3 Replies to “Volunteer! Plus, The Poor Affluent…”

  1. Thanks for the report from Tennessee. One thought of the author’s that haunts me: “Some of the teachers and professors who helped me to grow academically would not score very high on the TAP rubric. Could we also lose very good, effective teachers — teachers who produce high value-added scores — simply because their particular “style” of teaching does not match the rubric?”

    I can think of six teachers in public school who were critical to my life in high school alone. NONE of them would have scored in the highest levels where my Race to the Top inspired district now rates me. Our American culture often celebrates as exemplars of virtue and innovation individuals who break the mold, who go beyond what is expected, who subvert the dominant paradigm. But, in education now, we are to uphold the teacher who most closely hews to the party line, the expected number of words on the wall, the scores on tests designed by those who never visited the classroom. For years we felt superior to the Japanese and now Chinese schools which expect compliance and fidelity to the delivered paradigm from on high–now out of some misplaced fear of failure, we are becoming them.

  2. JMiller: Well said. I agree that excellent teachers can have very different teaching styles and individual approaches to instruction. Some may use more lecture, some more hands-on projects, some may have a great sense of humor while others have a more serious approach. Expecting all teachers to use the same styles and/or formats to teach a variety of classes across the K-12 spectrum is inappropriate; Judging them on their ability to teach identically is outrageous.

  3. It’s frightening if we’re going to start discharging significant numbers of teachers based on some combination of infrequent principal observations and student test scores.

    There are too many analytic weaknesses in the infrequent-principal-observation and the student-test-score factors to have much confidence in the overall ratings.

    The fact that several school systems are seeing at best weak correlations between the observation ratings and the student-test-score ratings should be enough to stop these programs in their tracks.

    If a teacher has a low rating on principal observations or on student test scores, this could serve as red flag warning that the teacher may not be performing well.
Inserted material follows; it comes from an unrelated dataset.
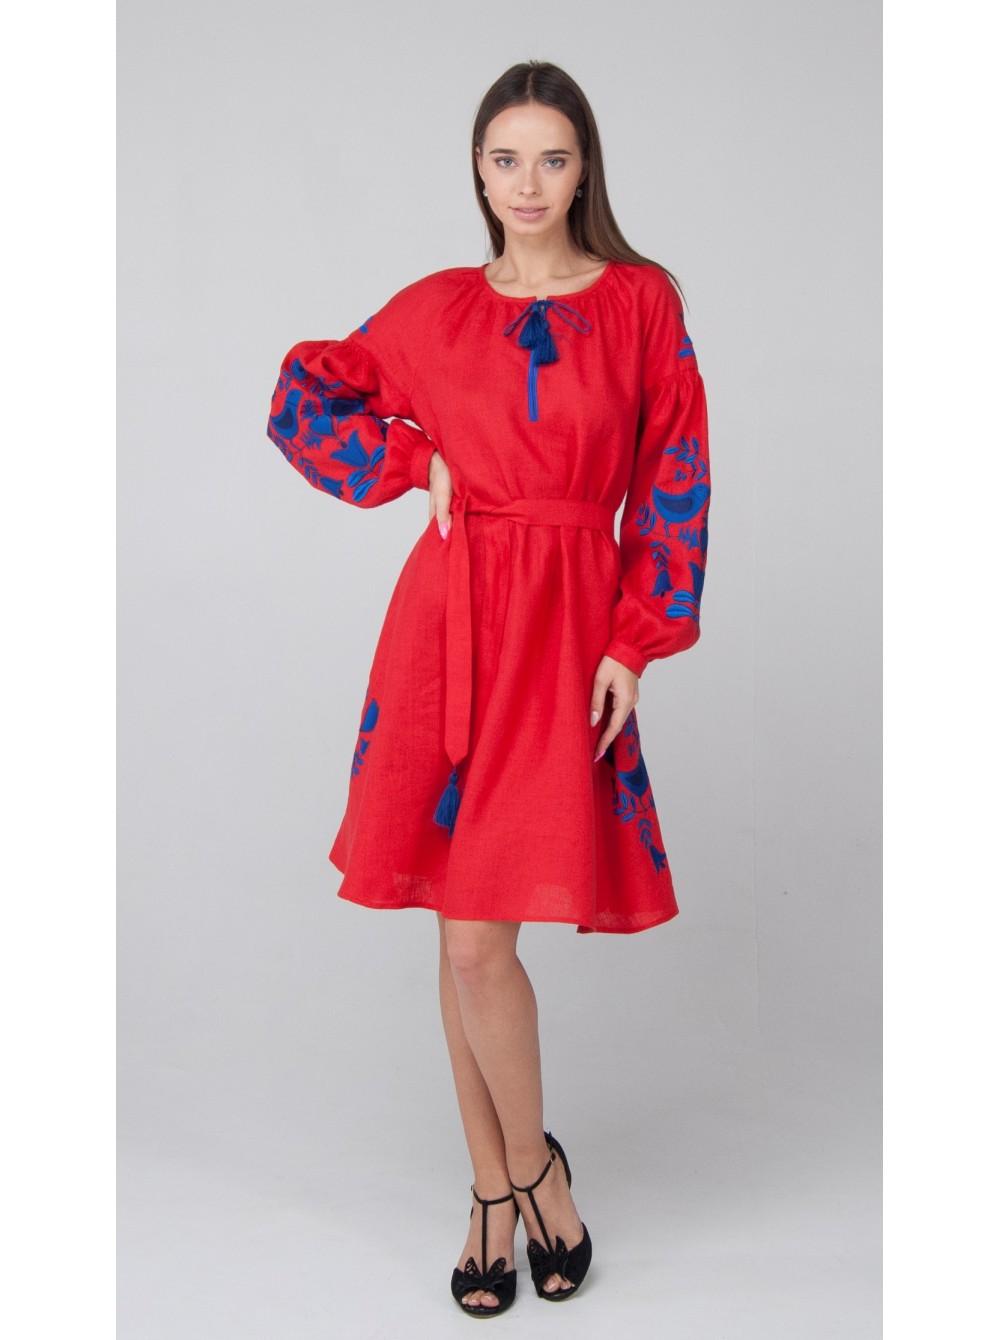 5655608b9982a7 Червона лляна сукня - etno-vyshyvanka.com

The school system should then respond to the red flag by subjecting the teacher to closer scrutiny. It should be the results of that closer scrutiny, not the red flags, that trigger discharge.

    There are different options for the closer scrutiny. Some would be fairly expensive — i.e., a mentor teacher team-teaching with the red-flagged teacher for several weeks and then writing a report recommending retention, further monitoring, or discharge. Some would be inexpensive — i.e., frequent walk-bys by an administrator to see whether the teacher is goofing off (reading the newspaper, chatting on the cell phone, showing non-academic movies).
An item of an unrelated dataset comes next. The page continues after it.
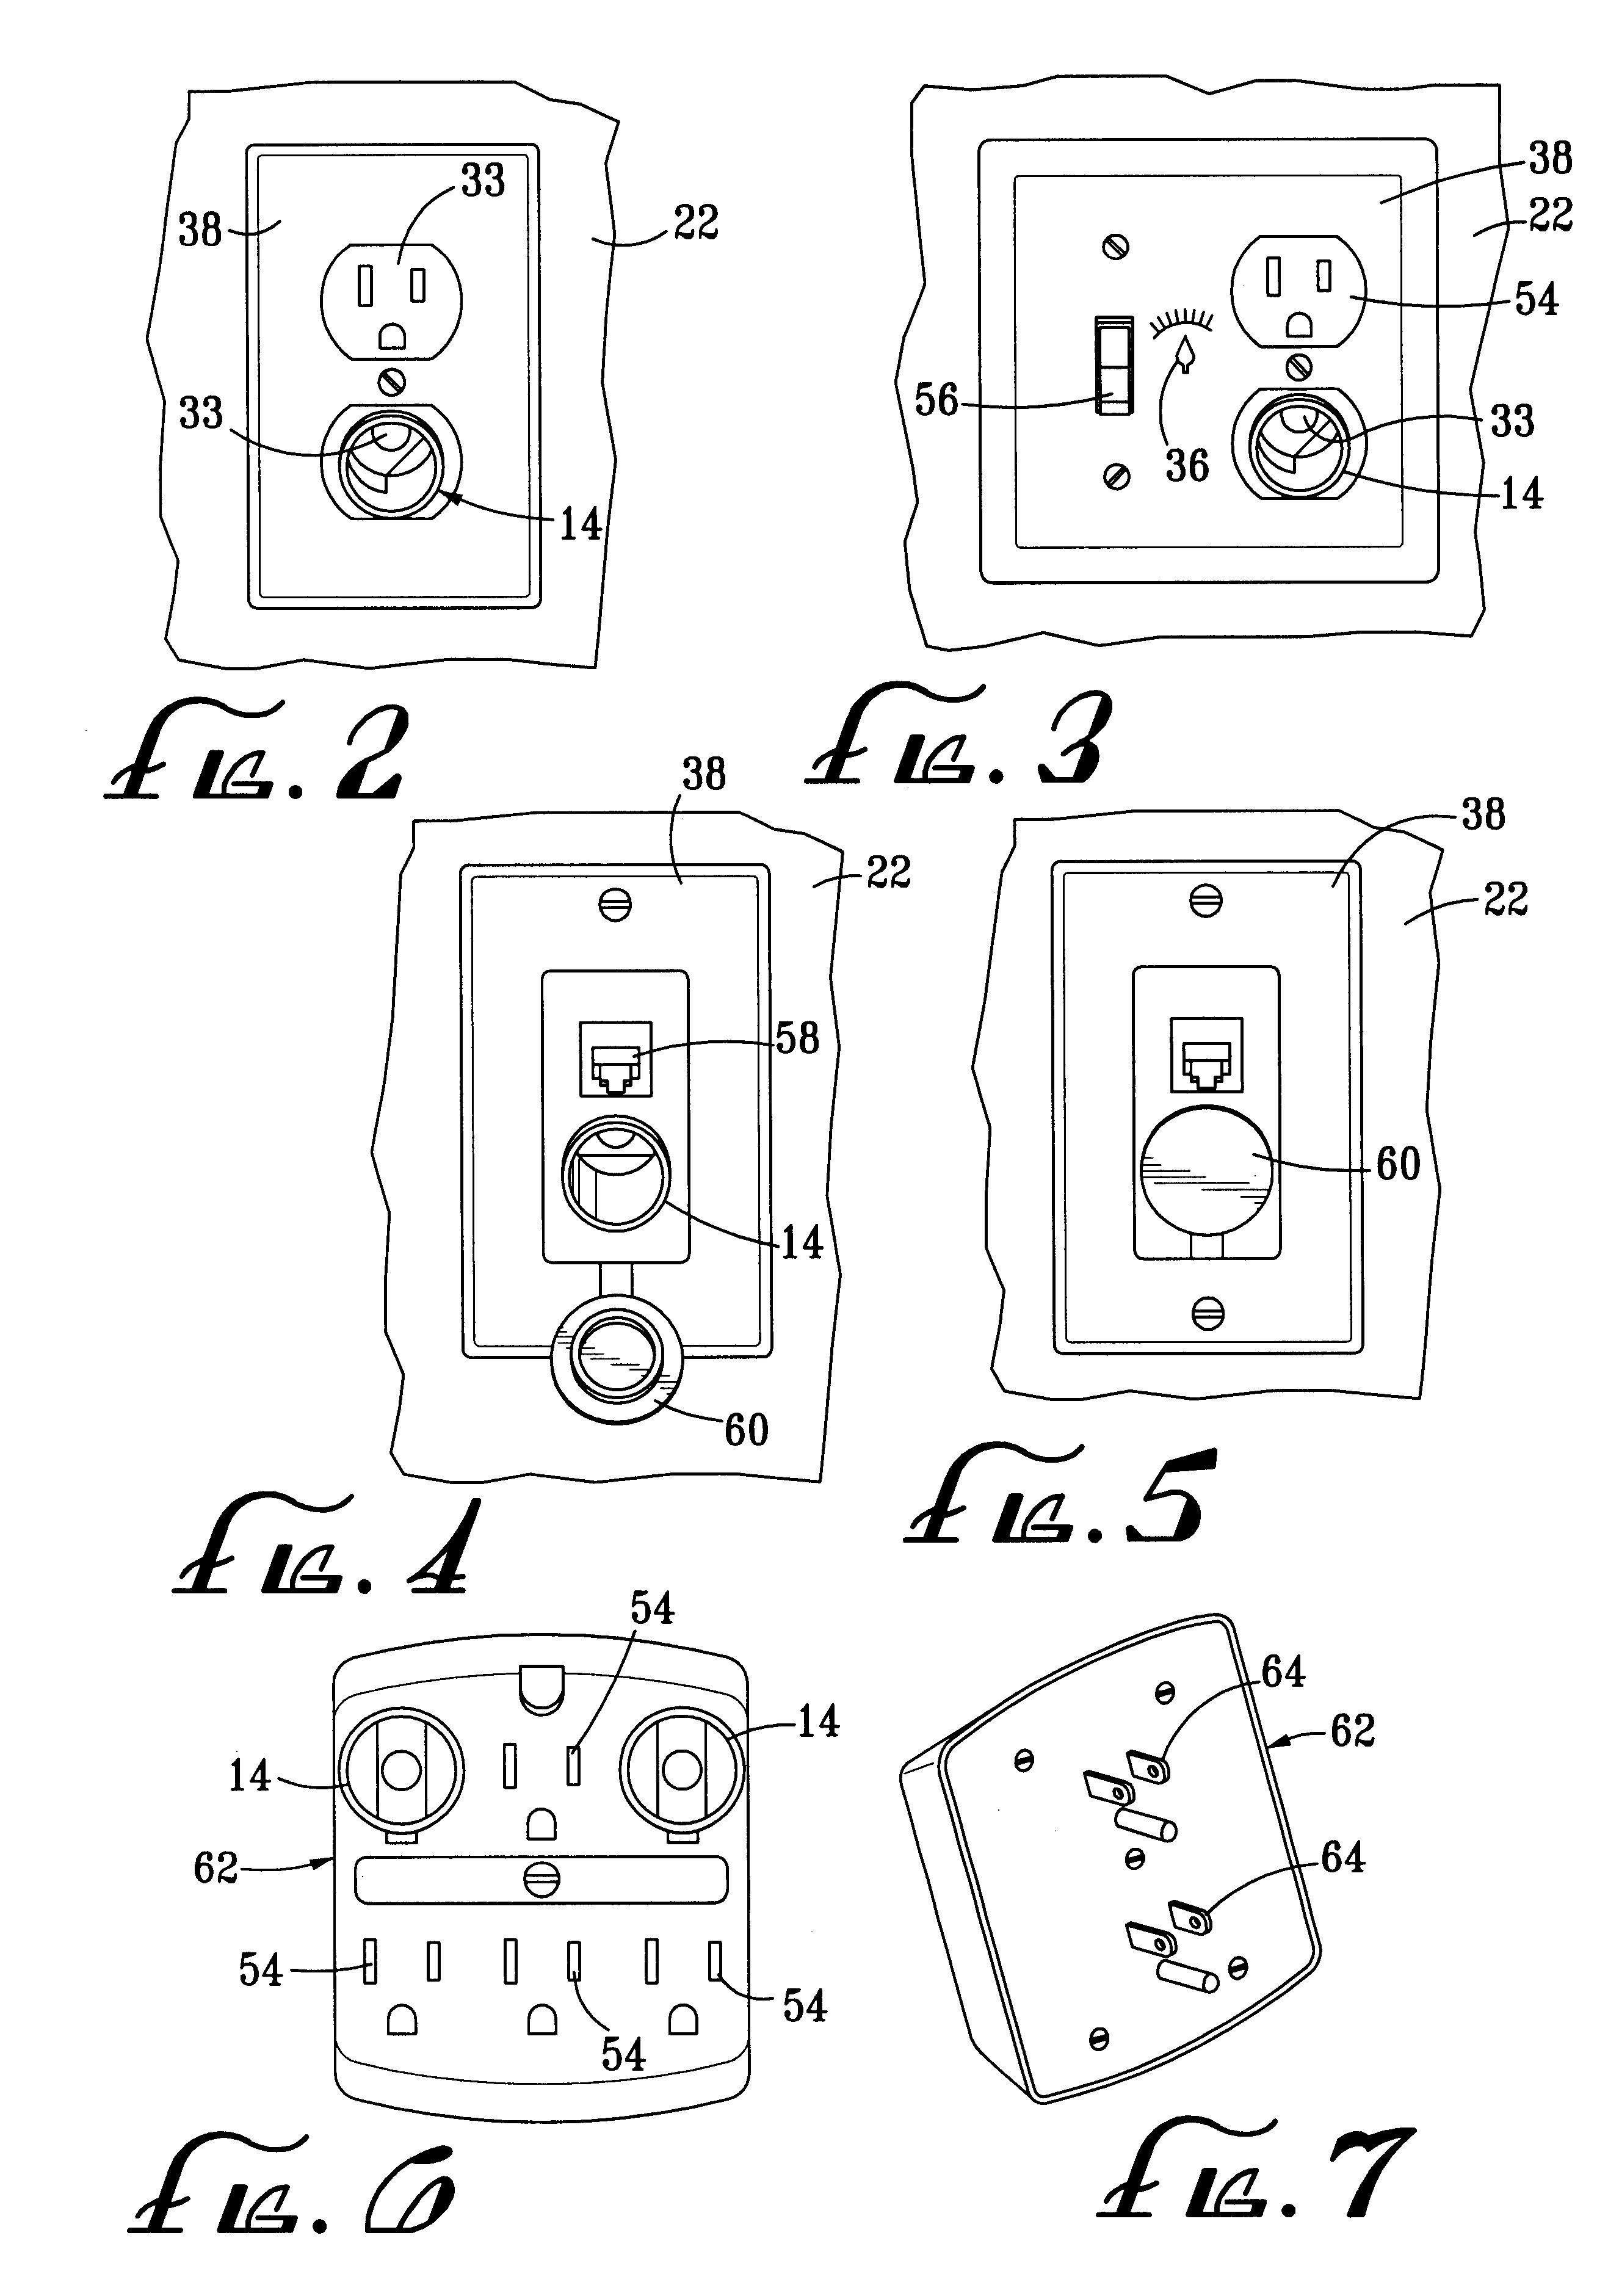 patent us6362987

    The overall approach would be to use the infrequent observations/student-test-scores/other info to identify the few teachers who might be performing poorly and to then follow up with regard to those few teachers with a management response tailored to evaluate the extent of the teacher’s apparent performance problem — i.e., subject matter incompetence, teaching incompetence, laziness.

    This management response might cure the problem; if not, it would provide a defensible basis for adverse action. If there is a teachers union, involving the union in developing the generic management responses (i.e., in selecting the pool of mentor teachers who would do the team-teaching with the red-flagged teacher) and notifyign the union when a teacher was red-flagged would add to the defensibility of any ultimate adverse action.

    In my career as a labor attorney, I frequently represented management in dealing with performance problems of union-represented white-collar employees. The approach outlined above worked very well. Within a few months, the problem employees usually either improved or quit; with regard to the few who were discharged, the union usually declined to take the cases to arbitration and, when the union did arbitrate, management prevailed.